TASK TO CARRY OUT - The reply should consist solely of the lines from the one with "Messa a fuoco" through the final line of the listing, copied exactly, with no pictures.

SOURCE DATA -
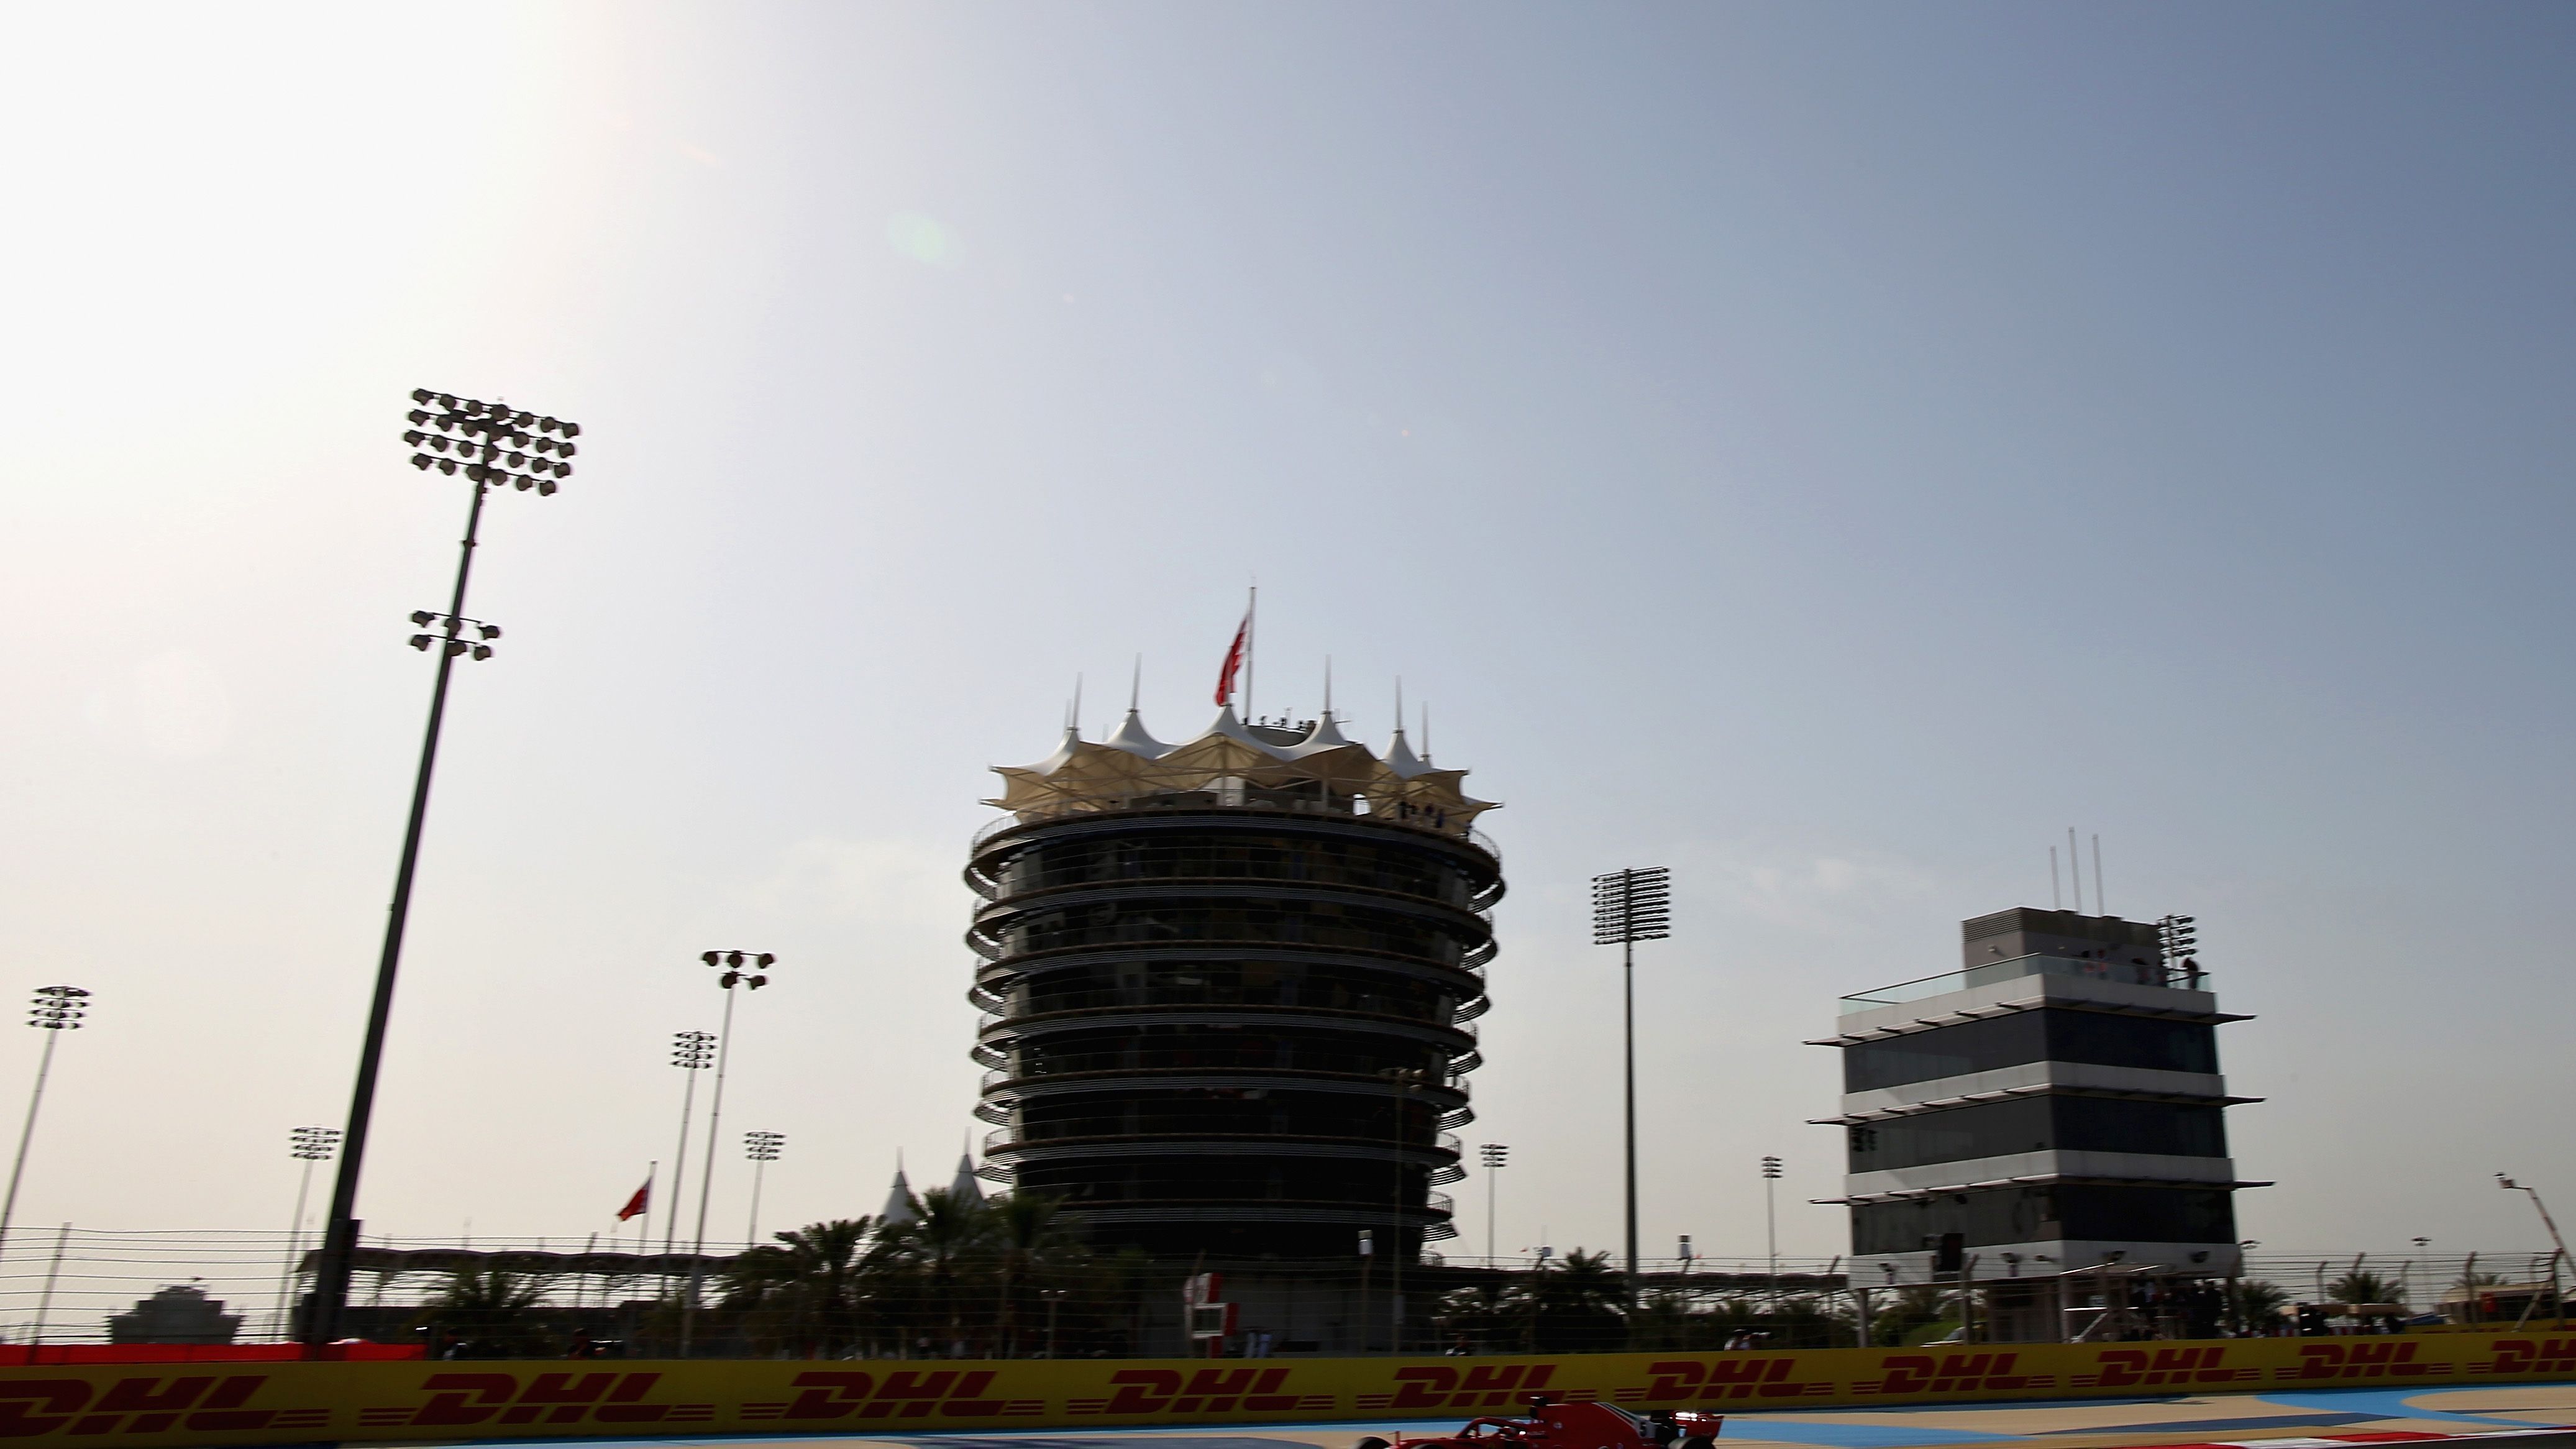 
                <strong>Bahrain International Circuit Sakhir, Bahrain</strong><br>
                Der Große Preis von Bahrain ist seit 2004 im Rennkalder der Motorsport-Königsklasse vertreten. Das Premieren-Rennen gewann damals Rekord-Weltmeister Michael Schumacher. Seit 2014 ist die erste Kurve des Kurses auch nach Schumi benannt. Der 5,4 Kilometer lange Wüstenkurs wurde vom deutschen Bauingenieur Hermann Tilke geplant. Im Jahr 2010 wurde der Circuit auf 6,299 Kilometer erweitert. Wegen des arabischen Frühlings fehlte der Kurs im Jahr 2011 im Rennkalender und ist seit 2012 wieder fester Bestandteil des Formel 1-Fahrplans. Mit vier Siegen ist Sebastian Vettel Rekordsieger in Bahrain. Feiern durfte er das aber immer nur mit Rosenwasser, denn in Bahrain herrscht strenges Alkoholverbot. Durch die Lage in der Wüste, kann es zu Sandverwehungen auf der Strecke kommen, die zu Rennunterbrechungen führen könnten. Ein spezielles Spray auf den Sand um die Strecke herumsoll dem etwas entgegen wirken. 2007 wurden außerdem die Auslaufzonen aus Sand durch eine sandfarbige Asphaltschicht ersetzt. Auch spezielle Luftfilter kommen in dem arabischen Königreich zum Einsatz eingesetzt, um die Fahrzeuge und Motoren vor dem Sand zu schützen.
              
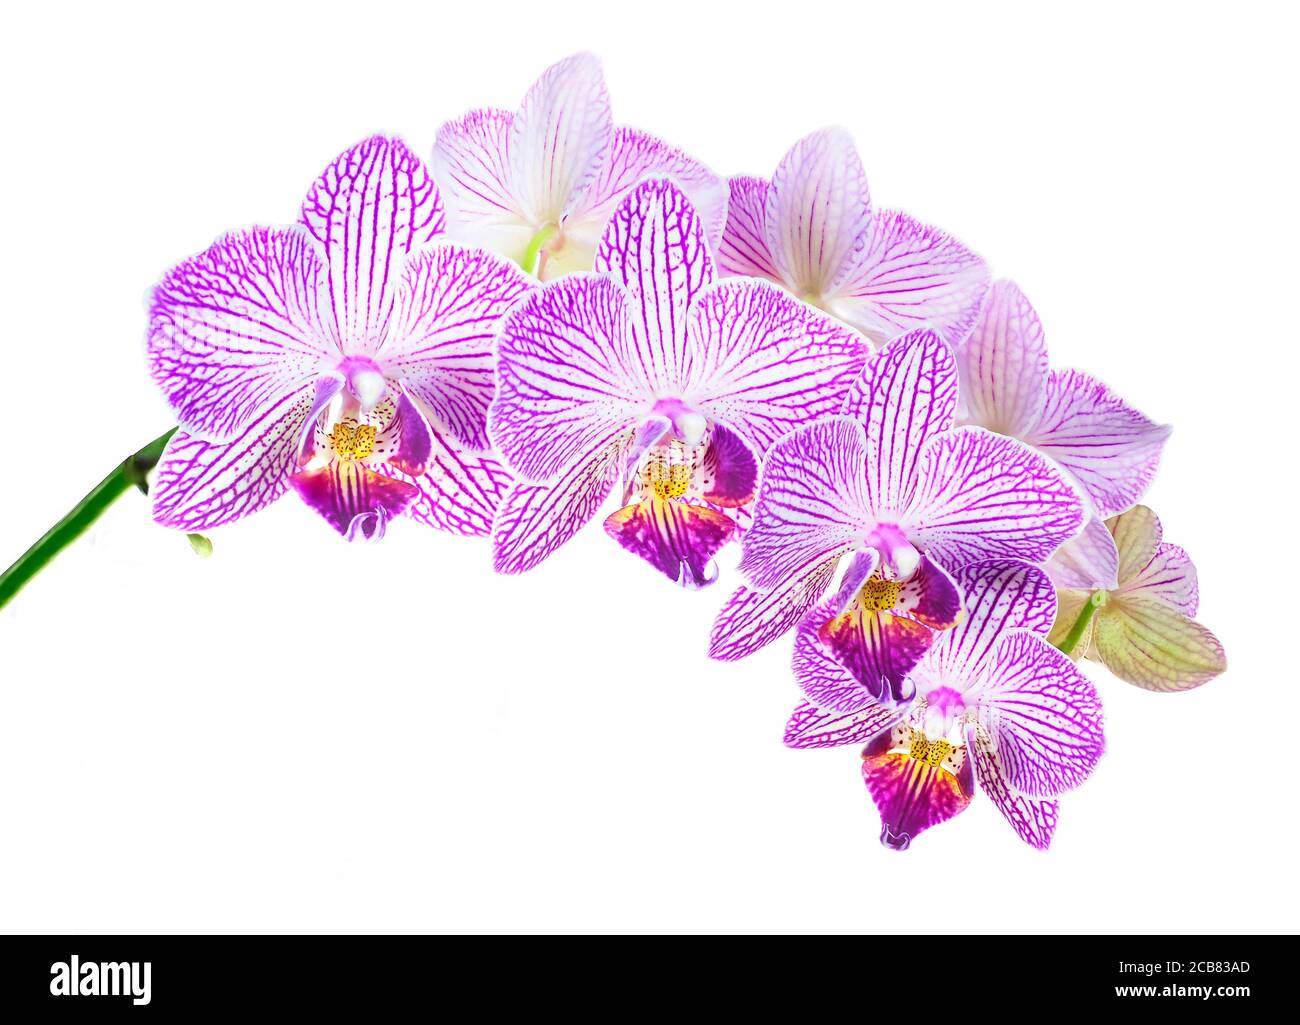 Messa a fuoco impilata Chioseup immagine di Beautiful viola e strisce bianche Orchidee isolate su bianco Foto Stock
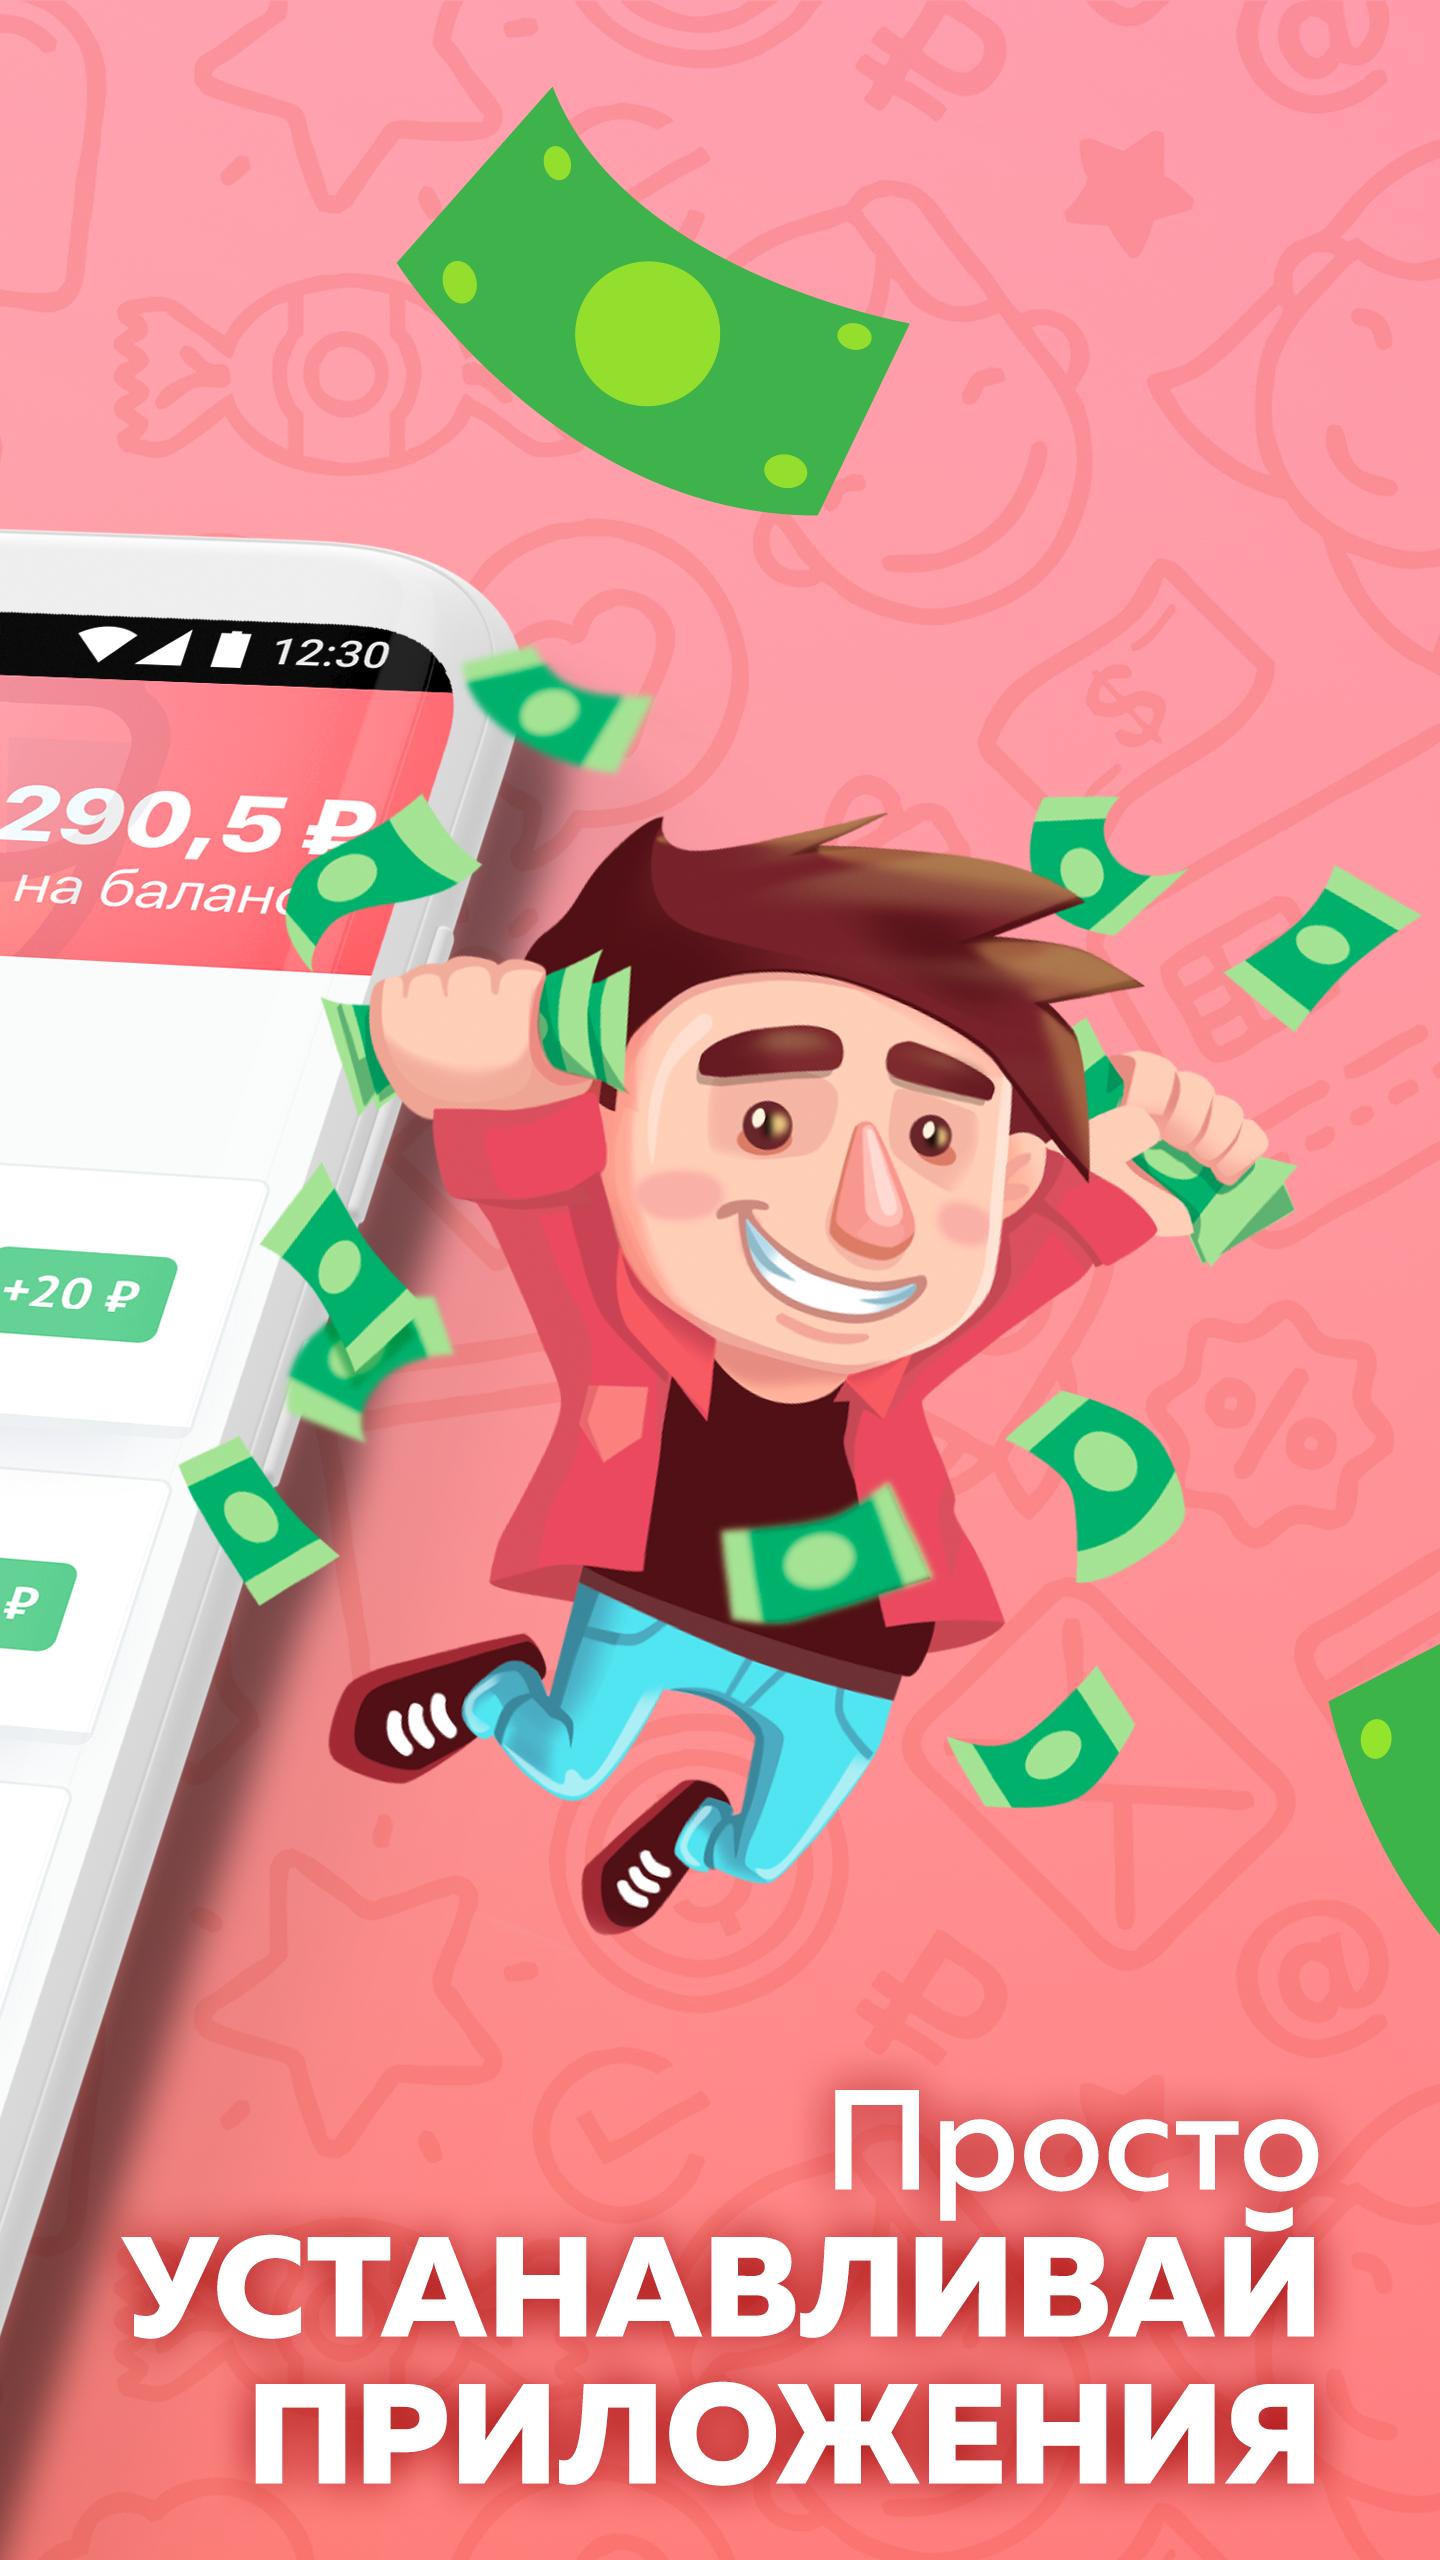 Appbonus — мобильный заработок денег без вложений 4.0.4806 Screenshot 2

RESPONSE TO THIS EXERCISE -
 Messa a fuoco impilata Chioseup immagine di Beautiful viola e strisce bianche Orchidee isolate su bianco Foto Stock
 Appbonus — мобильный заработок денег без вложений 4.0.4806 Screenshot 2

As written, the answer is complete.